Description:
Hi,
We sometimes notice that the MYSQL Pod is stucked during termination.
We use 3 instances for HA.
The hanging is due to the Pod's finalizers which get stucked.
Here is a snapshot of the log while the pod is stucked:
Normal Logging 60m kopf diag instance mysql-2 --> InstanceDiagStatus.OFFLINE quorum=None gtid_executed=None
Normal Logging 60m kopf mysql-2.mysql-instances.dev.svc.cluster.local:3306: pod.phase=Succeeded deleting=True
Normal Logging 60m kopf Could not connect to mysql-0.mysql-instances.dev.svc.cluster.local:3306: error=MySQL Error (2005): mysqlsh.connect_dba: Unknown MySQL server host 'mysql-0.mysql-instances.dev.svc.cluster.local' (-2)
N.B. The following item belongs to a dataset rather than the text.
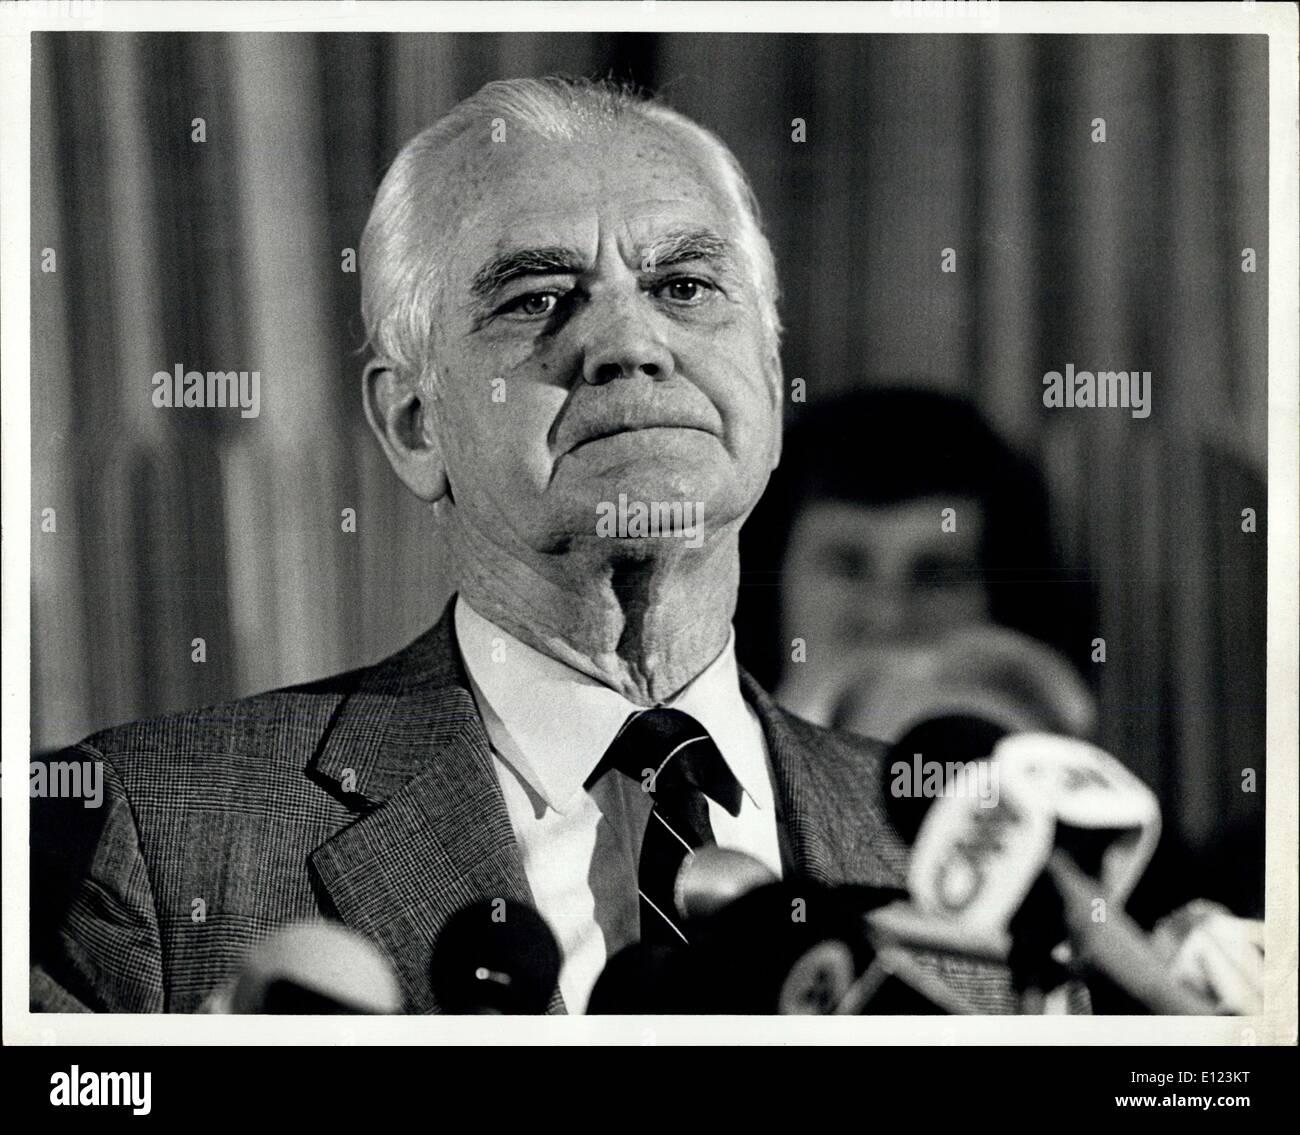 18. Februar 1985 - 18. Februar 1985 New York, Westmoreland Newsconference: General William C. Westmoreland, nach 18 Wochen des Zeugnisses Federal DIstrict Court in Manhattan, endete seine Verleumdungsklage gegen CBS gestern nur Tage vor Anwälten für beide Seiten ihre endgültige Summierungen der Jury begonnen haben würde, zum Abschluss zu bringen, die Verleumdungsklage gebracht durch die allgemeine nach der 1982 Ausstrahlung von CBS des Dokumentarfilms unzähligen Gegner : Eine Vitman Täuschung '' Stockbild
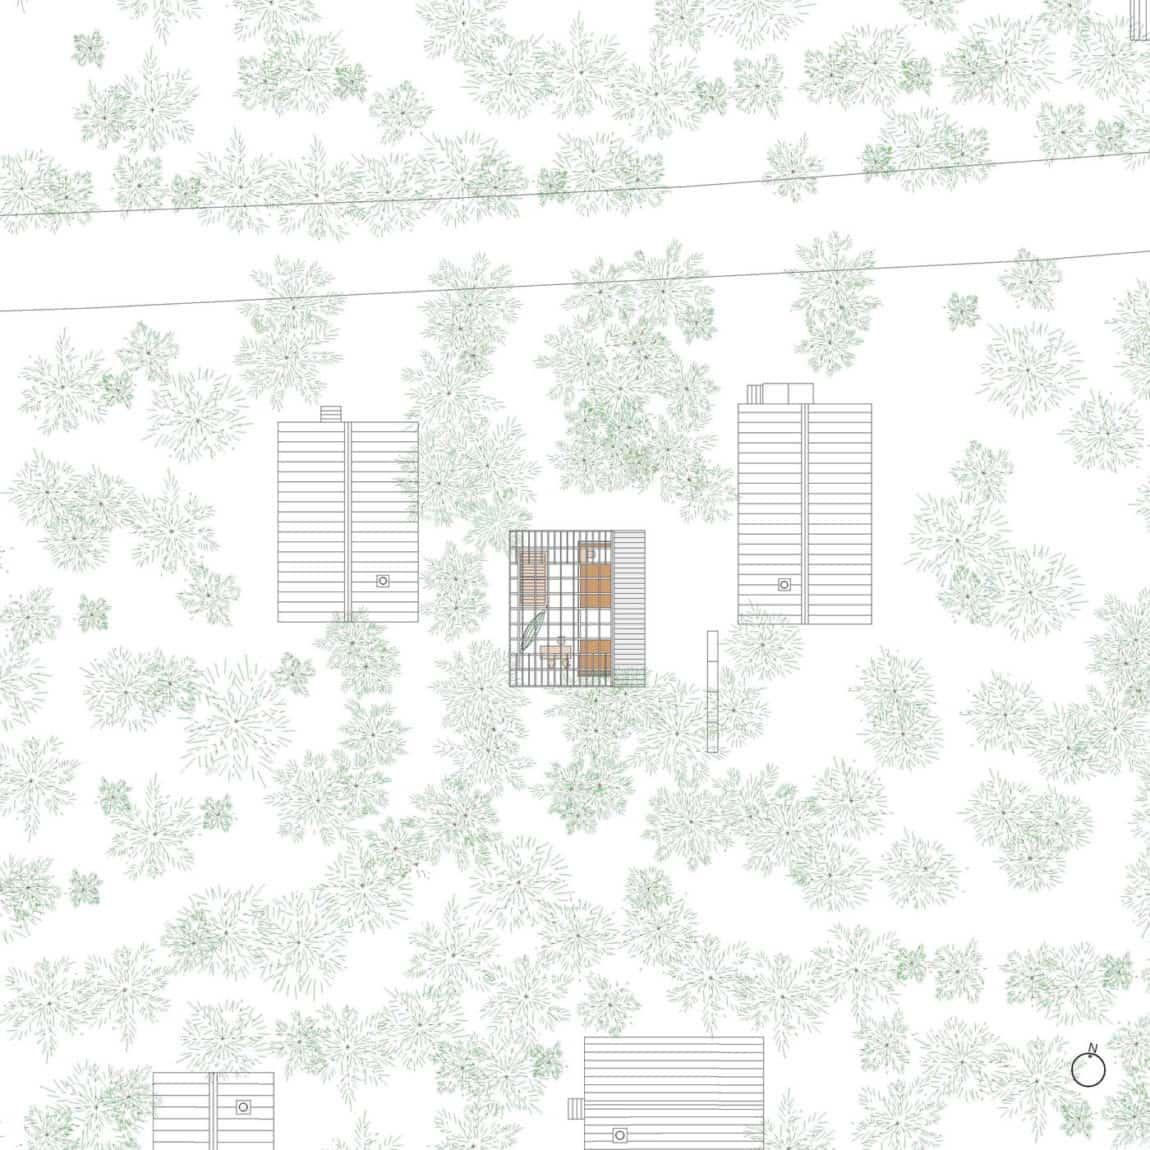 Villa in Hakuba by Naka Architects (18)

Normal Logging 60m kopf cluster probe: status=ClusterDiagStatus.OFFLINE online=[]
Normal Logging 60m kopf mysql: all={<MySQLPod mysql-2>, <MySQLPod mysql-0>, <MySQLPod mysql-1>} members={<MySQLPod mysql-2>, <MySQLPod mysql-0>, <MySQLPod mysql-1>} online=set() offline={<MySQLPod mysql-2>, <MySQLPod mysql-0>, <MySQLPod mysql-1>} unsure=set()
Normal Logging 60m kopf Could not connect to mysql-2.mysql-instances.dev.svc.cluster.local:3306: error=MySQL Error (2005): mysqlsh.connect_dba: Unknown MySQL server host 'mysql-2.mysql-instances.dev.svc.cluster.local' (-2)
Error Logging 60m kopf Handler 'on_pod_delete' failed temporarily: Cluster cannot be restored because there are unreachable pods
Normal Logging 60m kopf diag instance mysql-0 --> InstanceDiagStatus.OFFLINE quorum=None gtid_executed=None
Normal Logging 60m kopf mysql-0.mysql-instances.dev.svc.cluster.local:3306: pod.phase=Succeeded deleting=True
Normal Logging 60m kopf ATTEMPTING CLUSTER REPAIR
Error Logging 60m kopf Handler 'on_pod_delete' failed temporarily: Cluster cannot be restored because there are unreachable pods
Is it related with the Change-Id I5ee1a5af6932b3565d8a1b9d80baba644dbd24c3 ? It looks like the operator is looping trying to repair the cluster instead of deleting the pod (both InstanceDiagStatus and ClusterDiagStatus are set as OFFLINE).
Also, the log entry 'RETRYING ON POD DELETE' never appears in the log file.
How to repeat:
This behavior appears randomly, but always after a Nodepool maintenance where all pods are moving from a node pool to a new one.
Usually, 1 pod is successfully moved, but remaining 2 pods (for HA) remain stucked in the old Nodepool
Suggested fix:
I suspect the logic in mysqloperator/controller/innodbcluster/cluster_controller.py (on_pod_deleted) to not handle this situation (ClusterDiagStatus.OFFLINE).
The current workaround is to remove the Pod's finalizers to unblock the termination.